Una mujer leía un libro gordo, de pastas delgadas y baratas, en una de las mesas; era un libro gordo, gordísimo, ella apenas levantó la mirada y entendí una verdad: “Este es tu momento de paz, alrededor de todo este ruido, alrededor de todos estos gritos”. Niños gordos y abultados pasaron corriendo, en su estómago una combinación de dos litros de coca cola y hamburguesas chafas, y ella ni se inmutó, apenas alzó la mirada unos segundos. “”Cuál de todas esas bestias será la tuya”, pensé, y luego miré un rato a todos los adultos. Cada uno parecía luchar silenciosamente entre el amor y el hastío, entre la rutina y, precisamente, esos segundos de distracción, de paz, de no responder invariablemente las mismas preguntas día tras día que agotaron sus ganas de imaginar, de inventar mejores respuestas. Pero ellos no tienen la culpa. Están cansados.

(O, bueno, como el turista accidental, el padrino de la niña que cumplía un año, proyectaba mis piensos y mi ligero aburrimiento. Pero también me preguntaba si alguna vez me esperaba esa felicidad, ese hastío, esa superficialidad liviana de los padres rotos, aburridos, cogidos por los gastos y la energía de una criatura treinta años más joven que ellos. Abandoné un momento la fiesta infantil y le pregunté a una de las muchachas si los adultos y los niños compartían baños. Ella me dijo que sí con una naturalidad escalofriante y yo, bueno, me sentí un poco incómodo de parecer extranjero en uno de esos lugares que están en cada esquina, en cada domingo, en cada respiro de la tranquilidad obligatoria de estos días, estos tiempos de hoy).

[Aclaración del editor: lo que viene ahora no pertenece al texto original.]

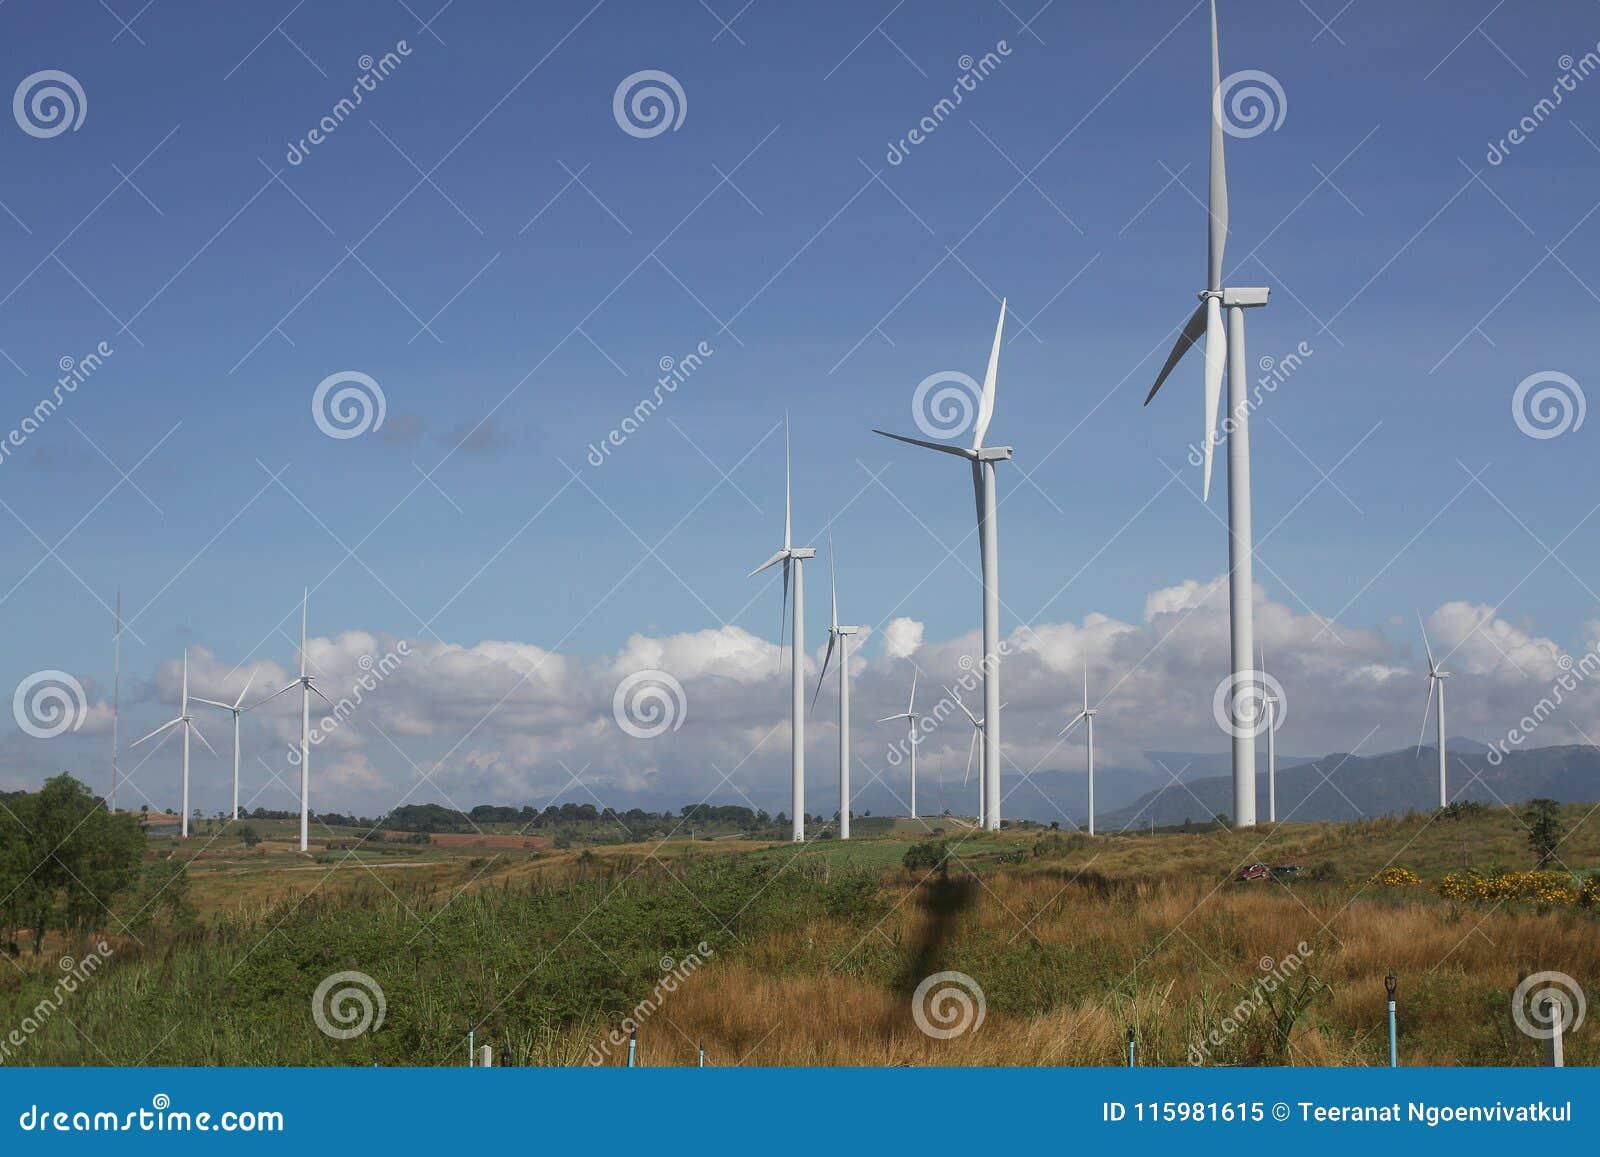 Ανεμοστρόβιλος στο σαφή μπλε ουρανό, ανανεώσιμη ενέργεια ηλεκτρικής ενέργειας, βιώσιμη έννοια ανάπτυξης δύναμης συντήρησης στον π

Alguien metió a mi sobrina en la piscina de las pelotas. Ella seguía los colores con su mirada, los absorbía todos, mientras hundía las manos y agarraba una, agarraba otra, y las aventaba, las chocaba, manipulaba el mundo de maneras inimaginables y definitivas. Quién sabe a dónde nos estaba llevando. Nuestro destino estaba en sus manos. Qué amable soy con mis pensamientos, pienso que es capaz de todas esas cosas porque la amo, pero cada uno de estas estatuas, de estas primeras arrugas y canas, piensa lo mismo de sus genes rumiantes y malcriados. Yo también estoy aquí. Yo también soy un ciudadano de Pompeya. Saqué el celular para grabarla mientras jugaba, y trataba de pensar en otras verdades, otros días. ¿Cuánto de tu destino está condenado a esta estructura, cuánta de tu infancia será construida a través de cursos de verano y actividades para niños-kid-energy-jazz-nahuales-pum? ¿Cuántas vueltas darás en esta tirolesa triste y pequeña, mientras tus padres discuten de las colegiaturas, de la línea de gastos que a partir de hoy sube hasta el infinito, hasta que cumplas los cincuenta y abandones un hogar, u otro, u otro más? Nadie lo sabe, el destino de cada uno de nosotros es incierto y solitario, y la única posible salvación y consuelo, es que podemos abandonar el ruido, tomarnos de la mano y caminar hacia otra parte.